▸ Given records
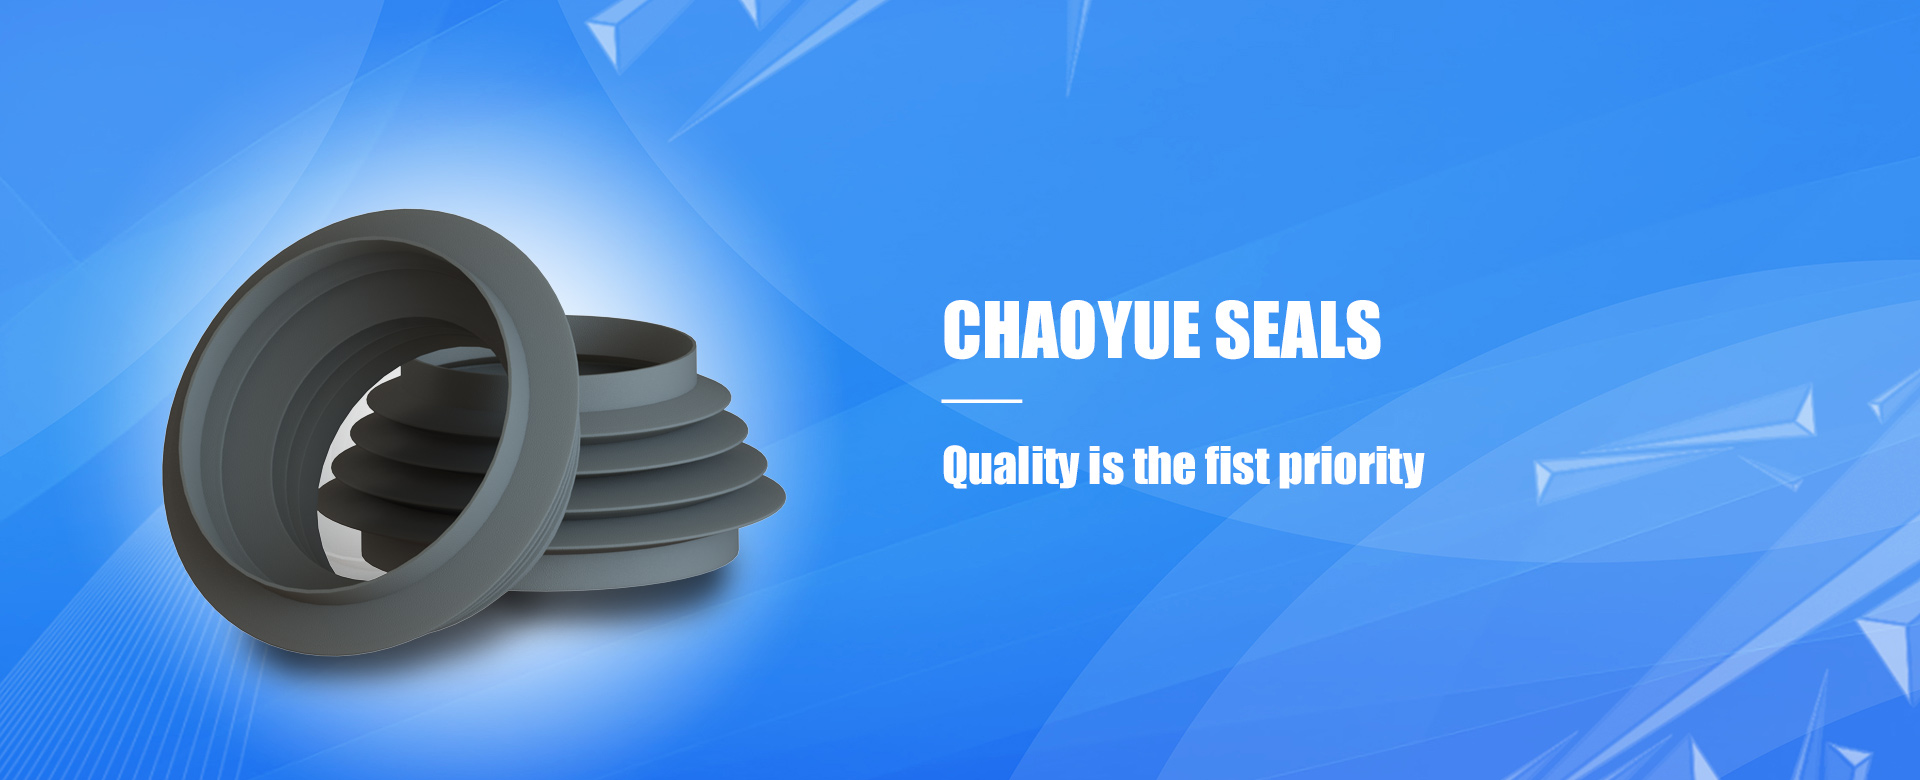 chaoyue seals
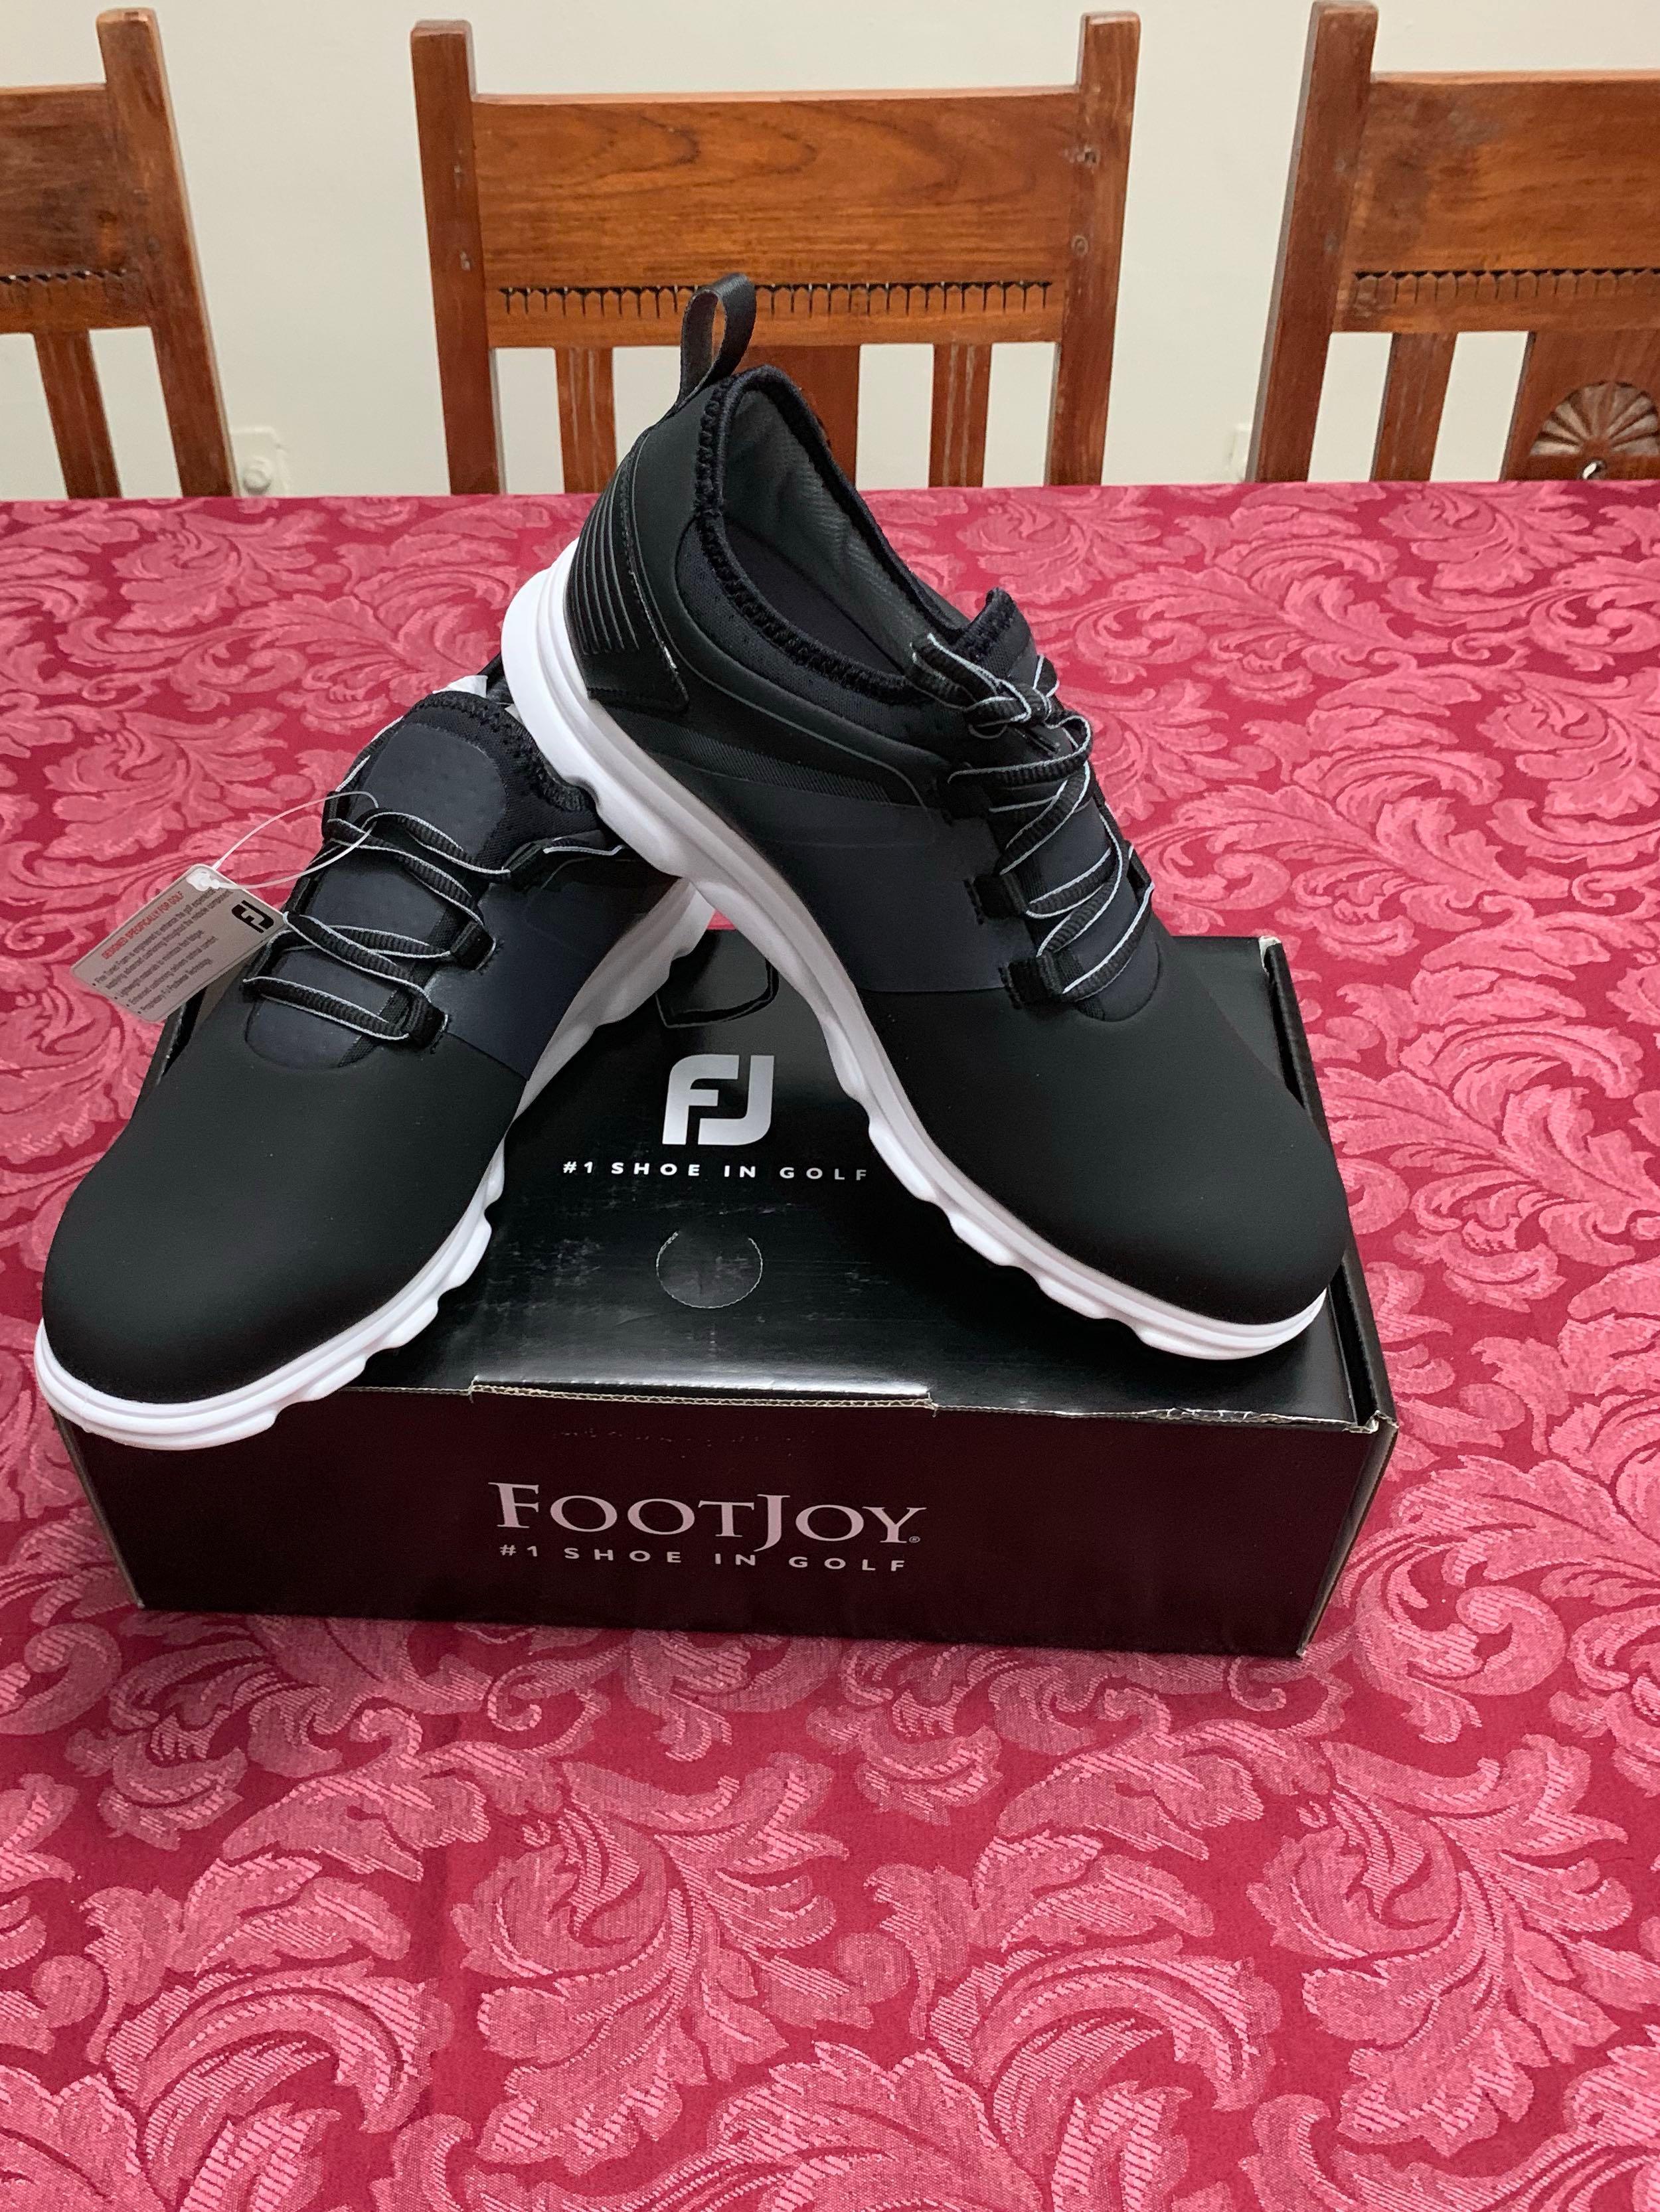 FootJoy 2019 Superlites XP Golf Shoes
---
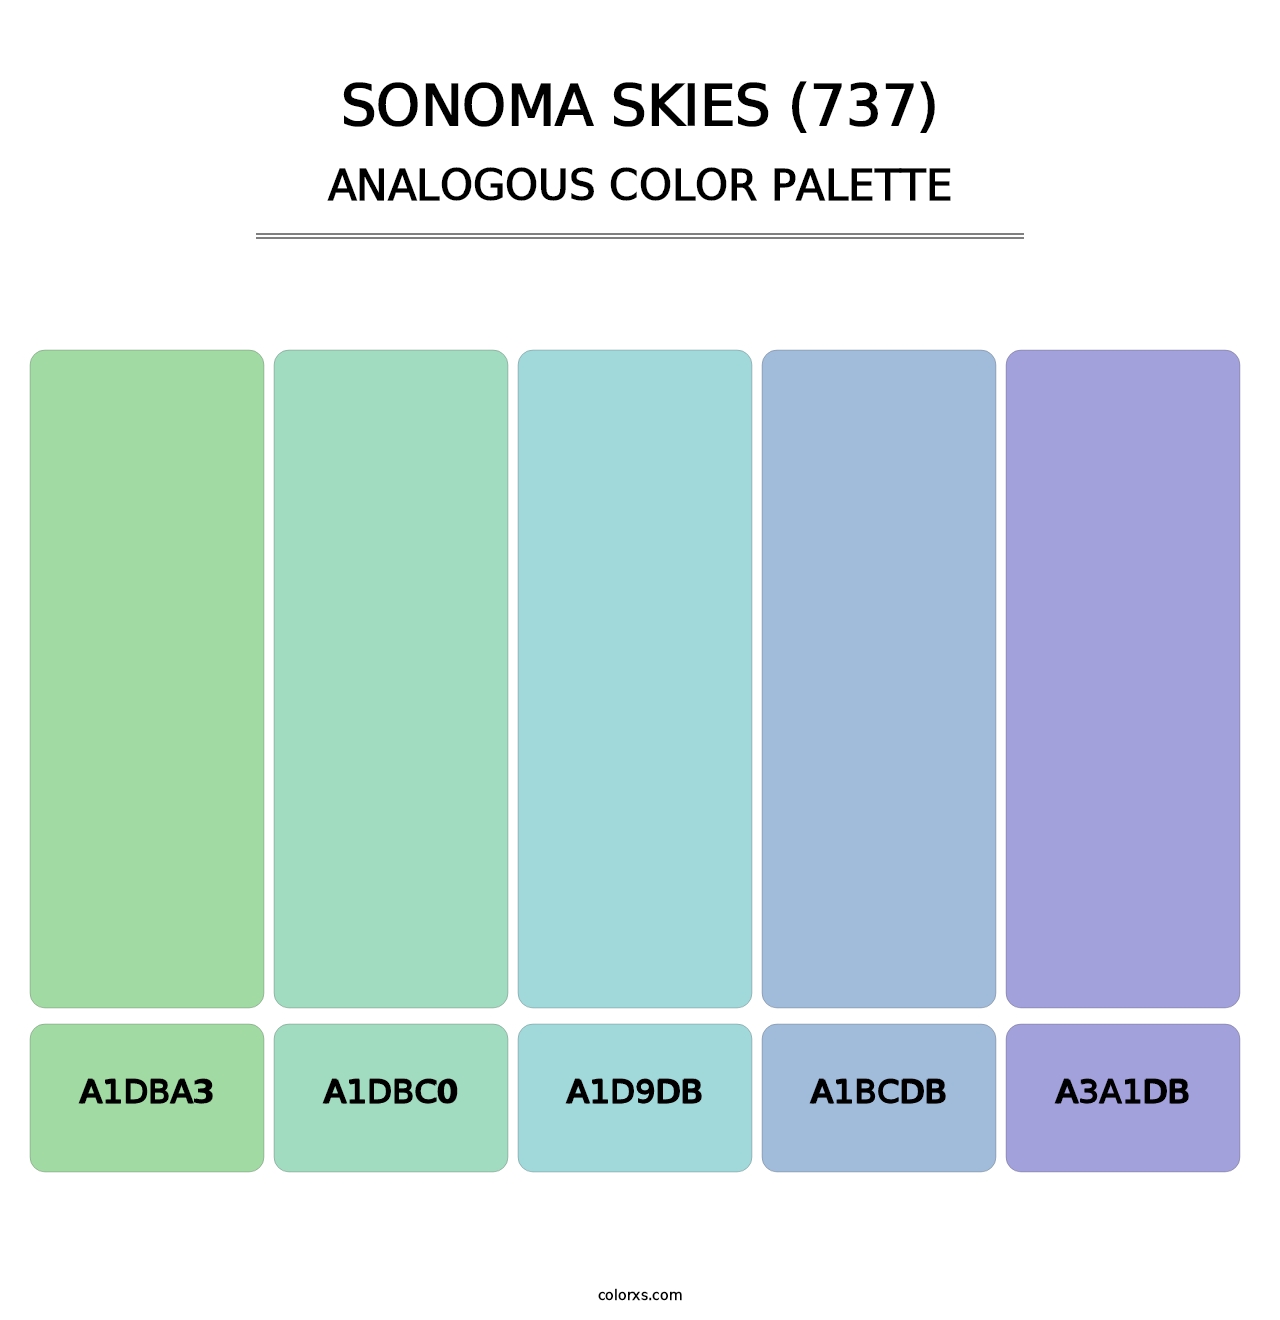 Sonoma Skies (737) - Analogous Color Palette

▸ Your task
Nothing except the lines from the one containing "chaoyue seals" through the one containing "FootJoy 2019 Superlites XP Golf Shoes" should appear in the answer, exactly as above and without pictures.

▸ Result for this exercise
 chaoyue seals
 FootJoy 2019 Superlites XP Golf Shoes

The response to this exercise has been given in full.